* [Input data]:
-- -- --
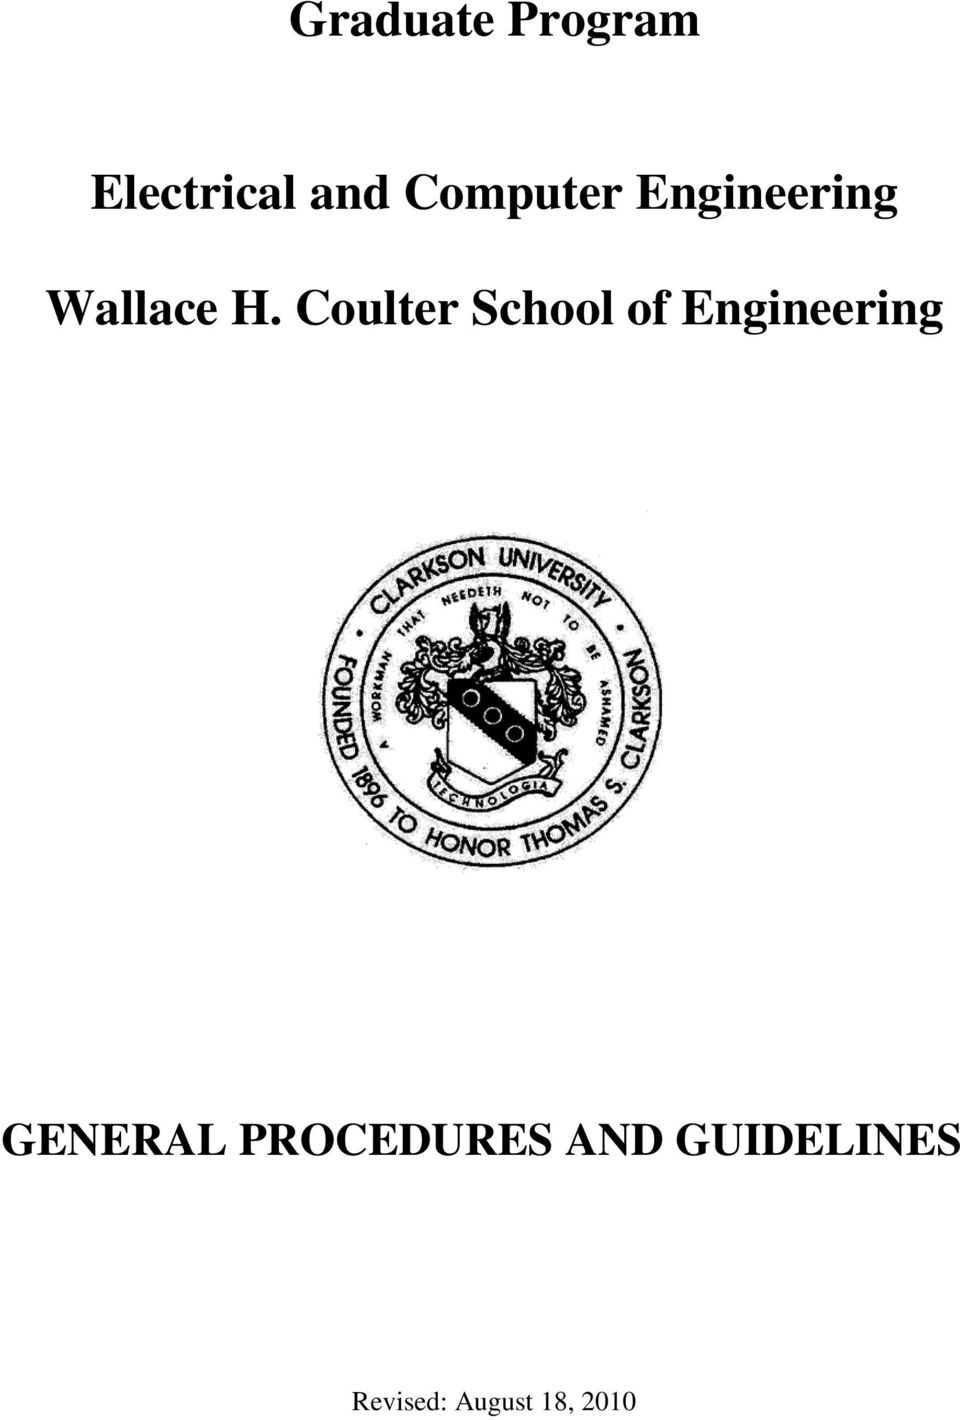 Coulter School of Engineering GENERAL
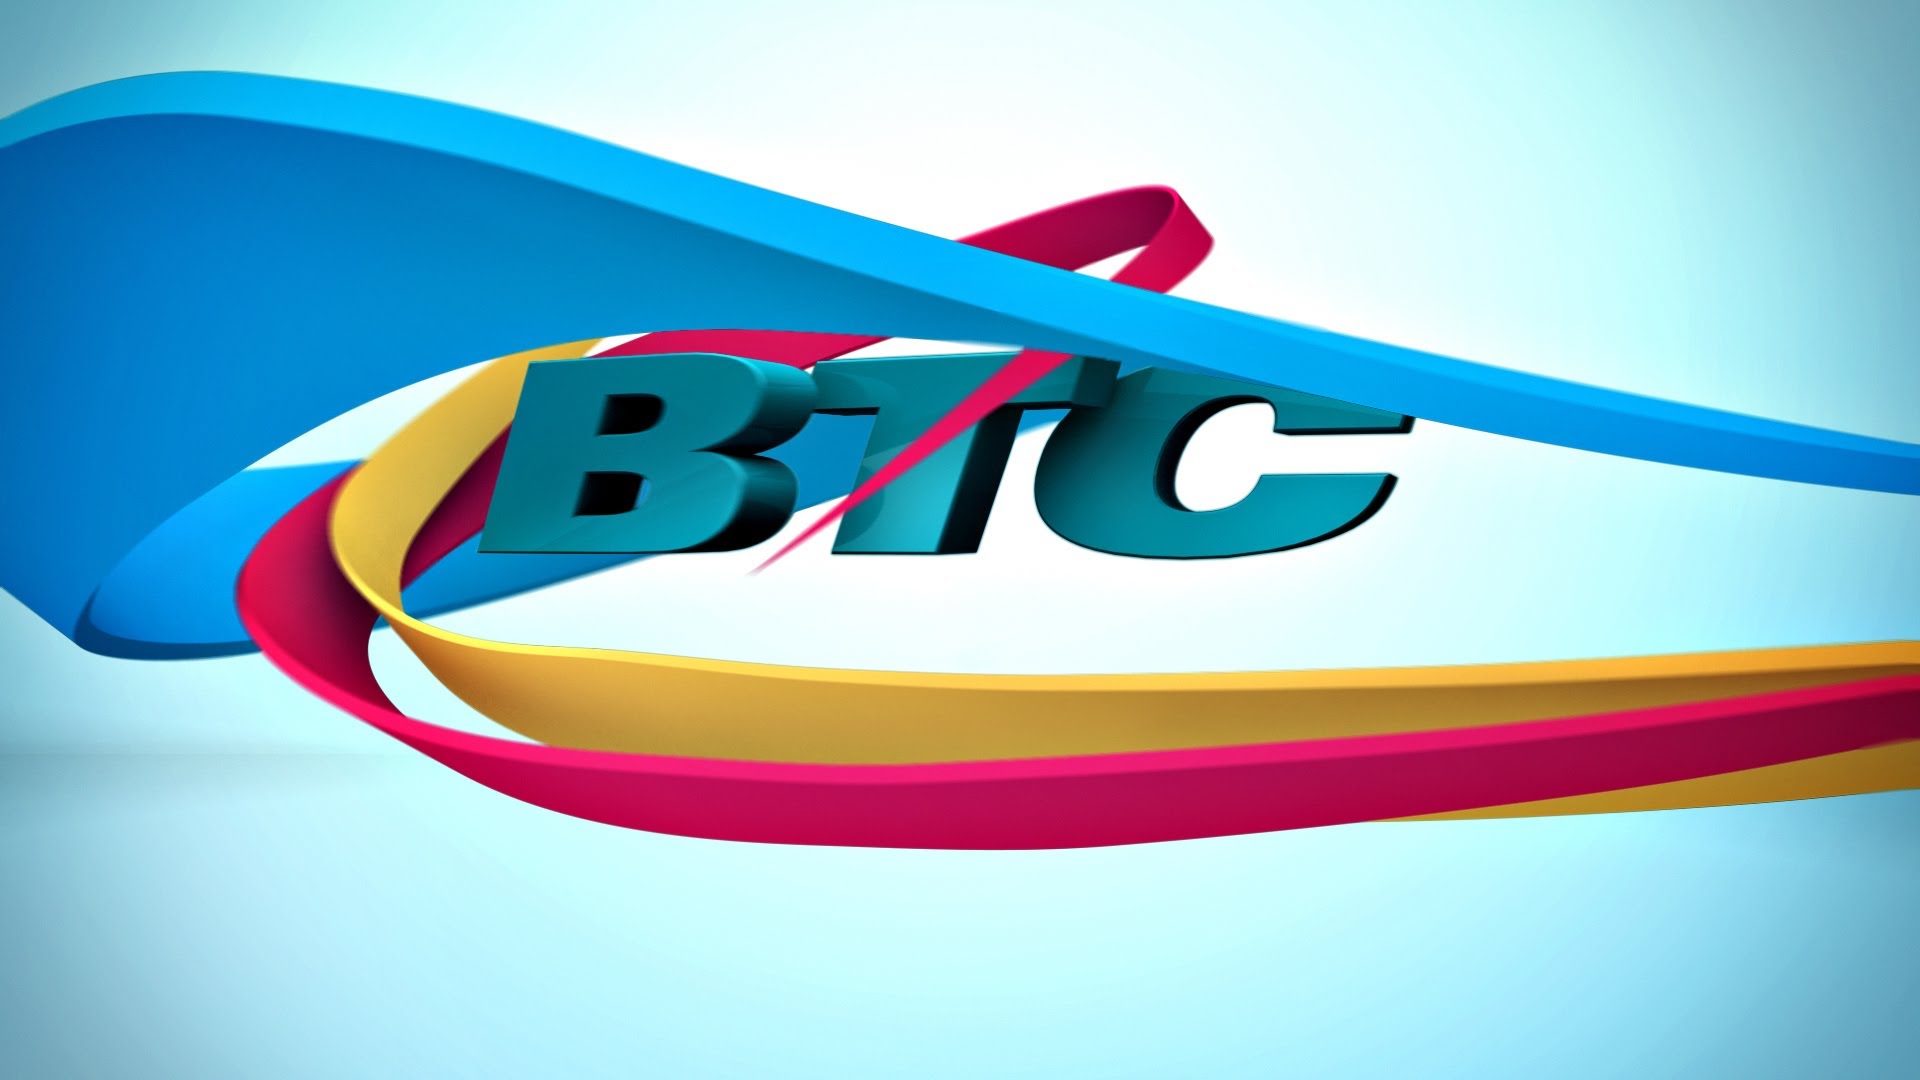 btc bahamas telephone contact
-- -- --
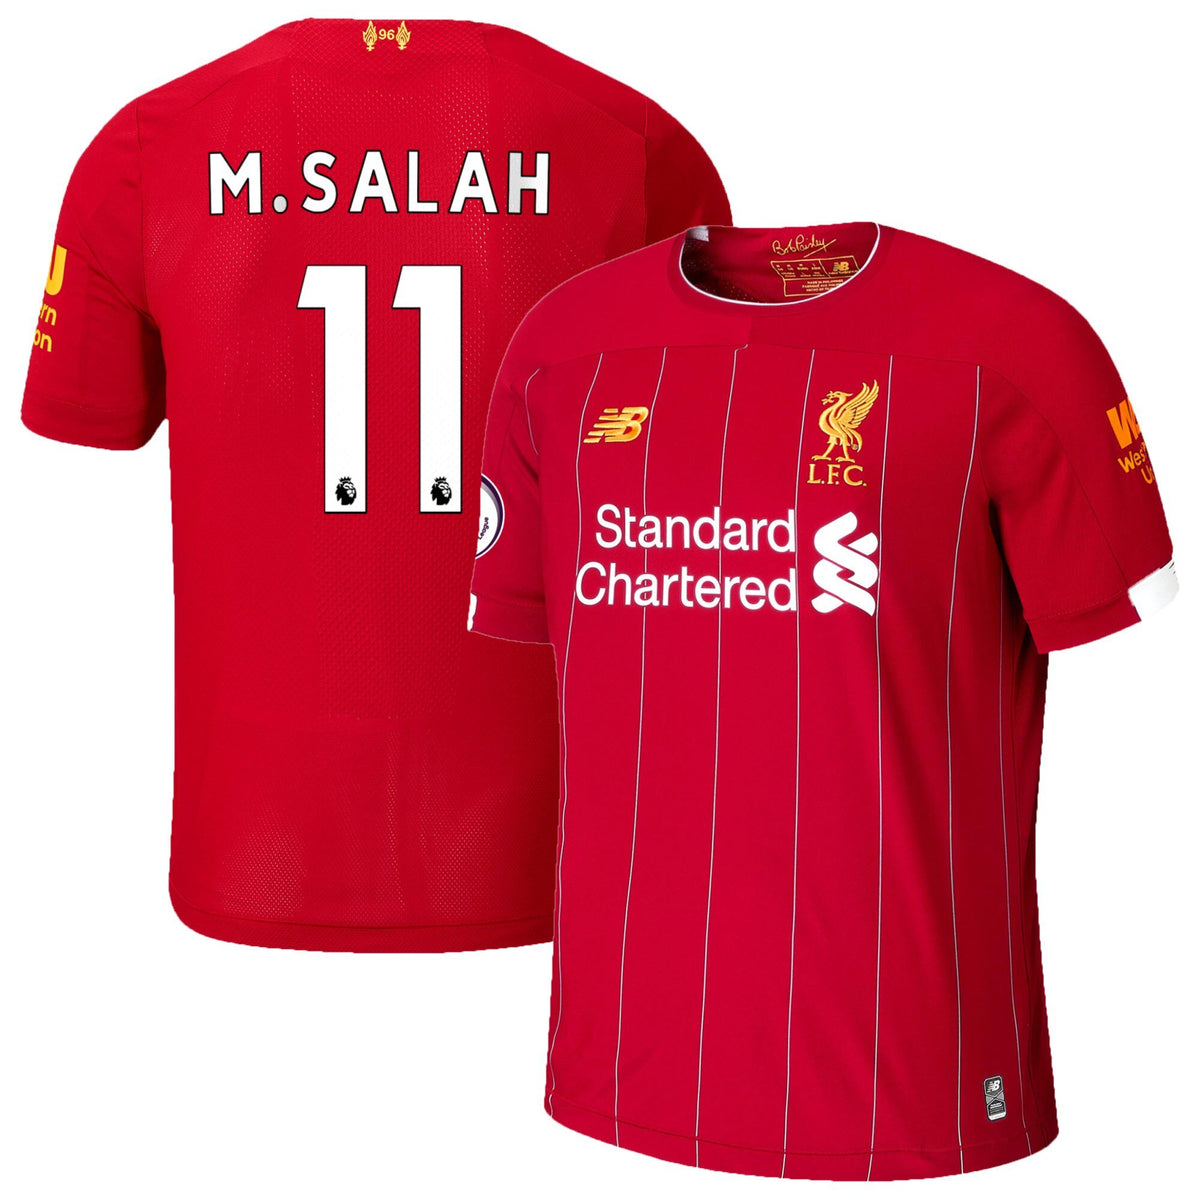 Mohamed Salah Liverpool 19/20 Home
-- -- --
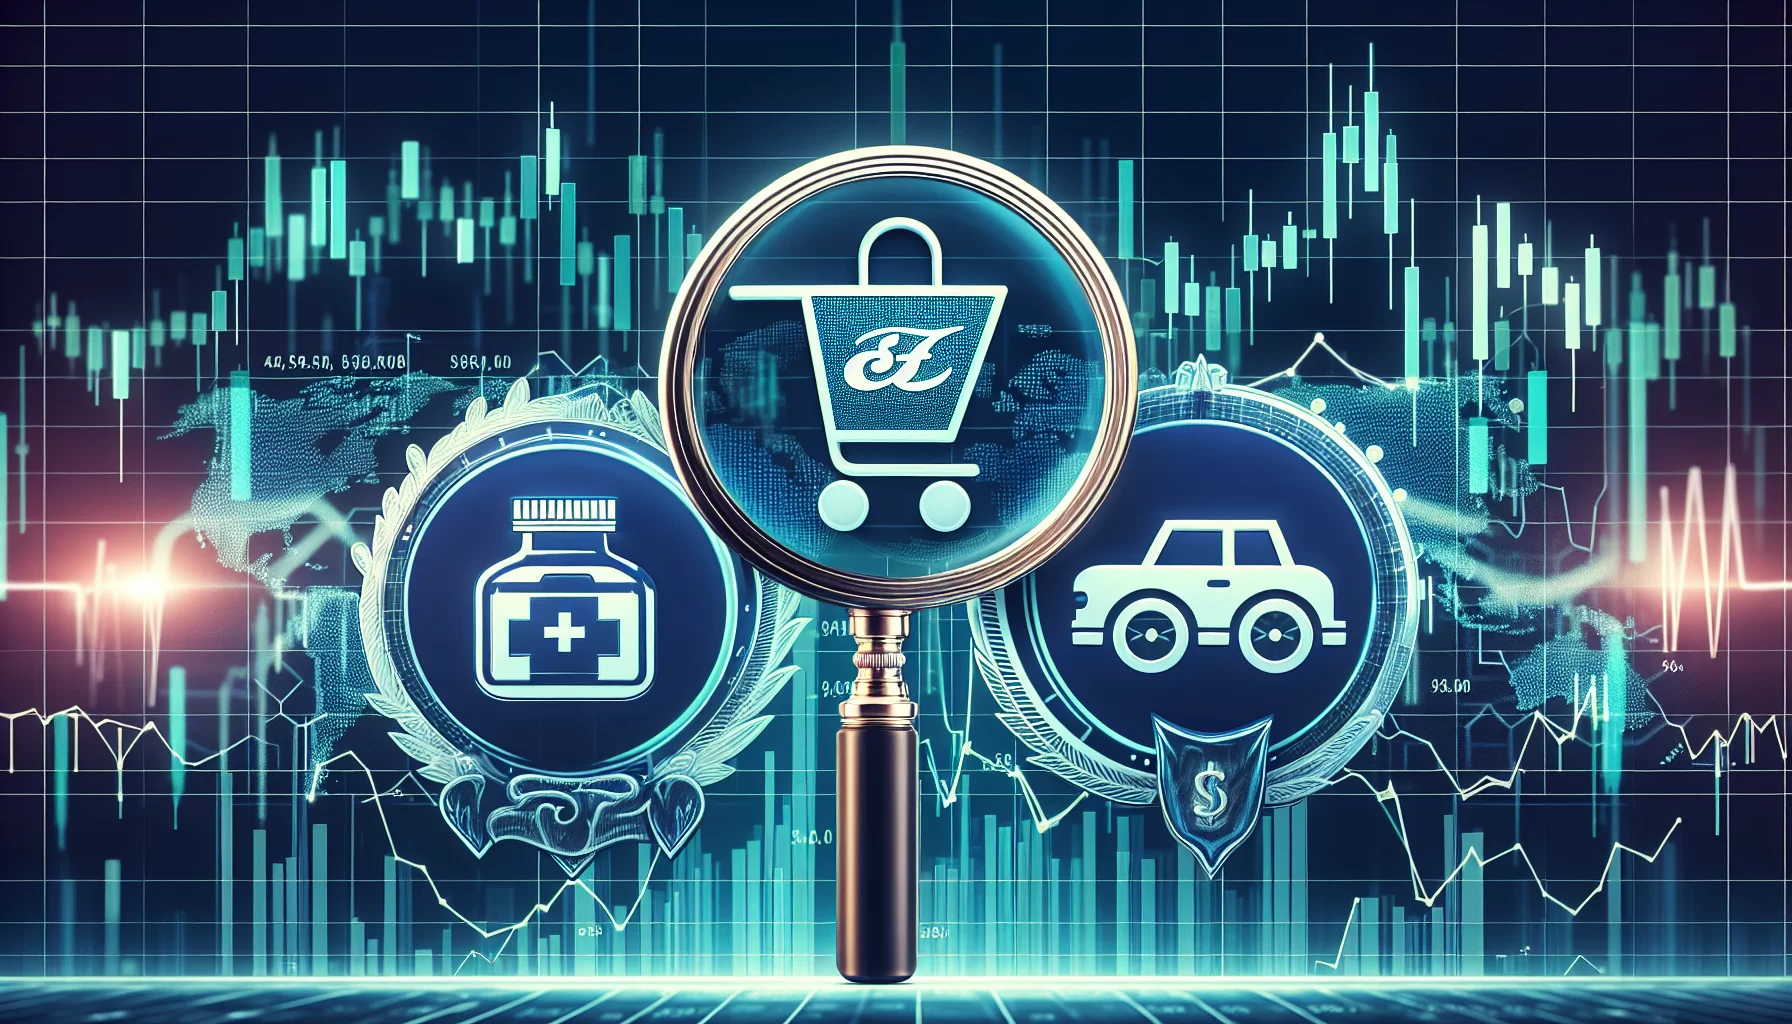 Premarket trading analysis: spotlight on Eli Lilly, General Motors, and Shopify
-- -- --
* [Your goal]:
Above are the records; return the lines in them from the one with "Coulter School of Engineering GENERAL" to the one with "btc bahamas telephone contact", inclusive, exactly and without images.

* [Task answer]:
 Coulter School of Engineering GENERAL
 btc bahamas telephone contact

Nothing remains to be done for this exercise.